When applied to noisy time signals, the snaGe model adapts too well to the corresponding smooth time-frequency representations. Because the optimized cost function does not take into account information about the expected pattern, the model simply tries to capture the TFR data as accurately as possible. Data preprocessing and TFR interference suppression are therefore extremely important. Adding penalty terms to the cost function and/or providing explicit initial parameters are ways to point the optimizer in the right direction. However, even without specifying a-priori knowledge, the model was able to find the simulated pattern for low signal to noise ratios in the average case.

5. Conclusion

The analysis of time-frequency representations of electrophysiological signals calls for flexible methods accounting for inter- and intraindividual data variability. We present the flexible, robust, and interpretable model snaGe, which extends the established Gaussian model. Its ability to extract 3D features from time-frequency representations of electrophysiological data is demonstrated. However, the model applies to general multivariate data which exhibit similar behavior.

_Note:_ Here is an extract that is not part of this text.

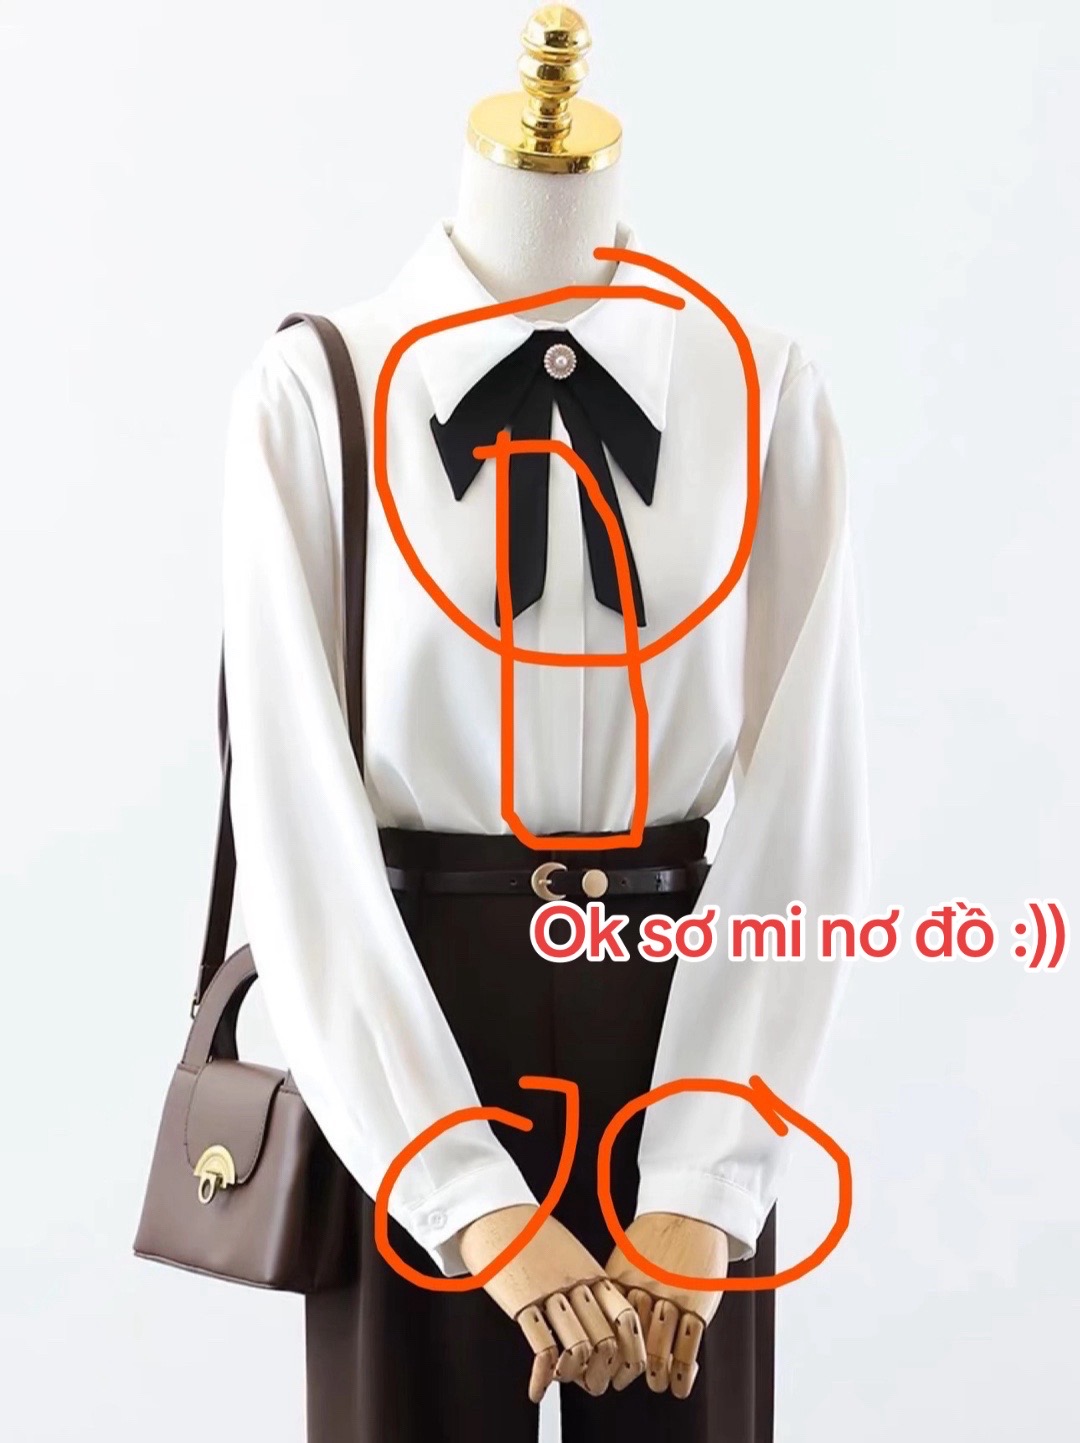 1001 chuyện cười ra nước mắt khi order quần áo trên Taobao: Hàng về tay "không đội trời chung" so với ảnh mẫu- Ảnh 13.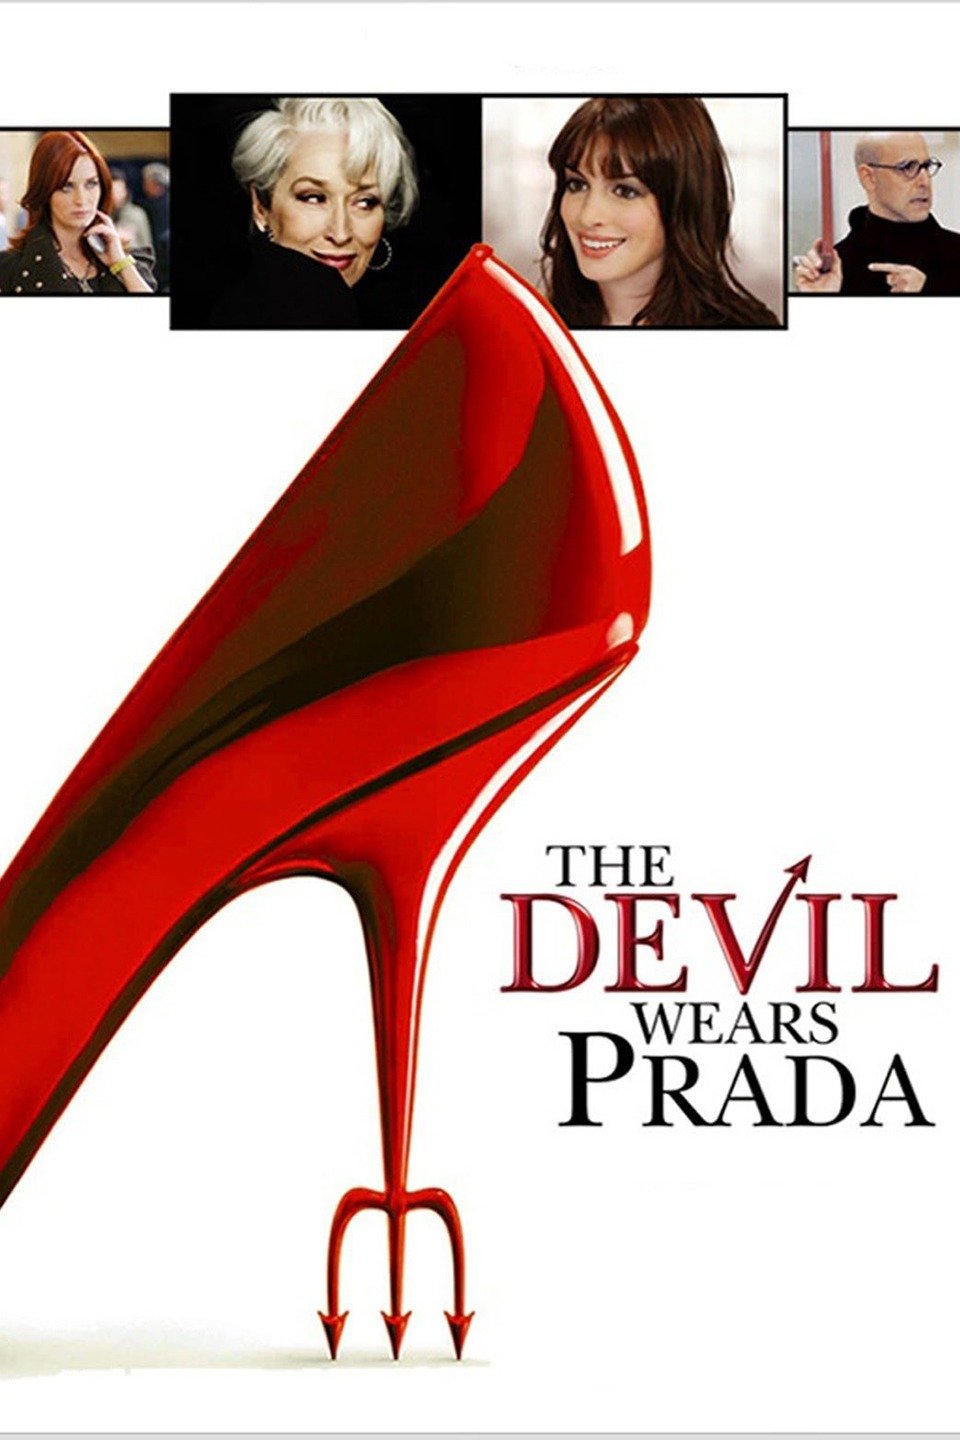 [MINI Super-HQ] The Devil Wears Prada (2006) นางมารสวมปราด้า [1080p] [พากย์ไทย 5.1 + อังกฤษ DTS] [บรรยายไทย + อังกฤษ] [เสียงไทย + ซับไทย] [ONE2UP]

In this work, several techniques to improve the model fitting performance are described. We show how to estimate start parameters directly from the data. An iterative scheme to refine optimized models is proposed so that high-order models can be robustly fitted.

Experiments with real as well as simulated data demonstrate the snaGe model’s robustness and flexibility. Under the influence of severe noise, the developed technique is best suited for patterns which are too complex to be appropriately captured by a Gaussian model, but still simple enough to facilitate robust fits.

To summarize, due to its robustness and flexibility the snaGe model possesses the potential to become a beneficial tool for practical EEG/MEG analysis, including functional brain connectivity analysis, outlier detection, time-frequency denoising, and feature extraction.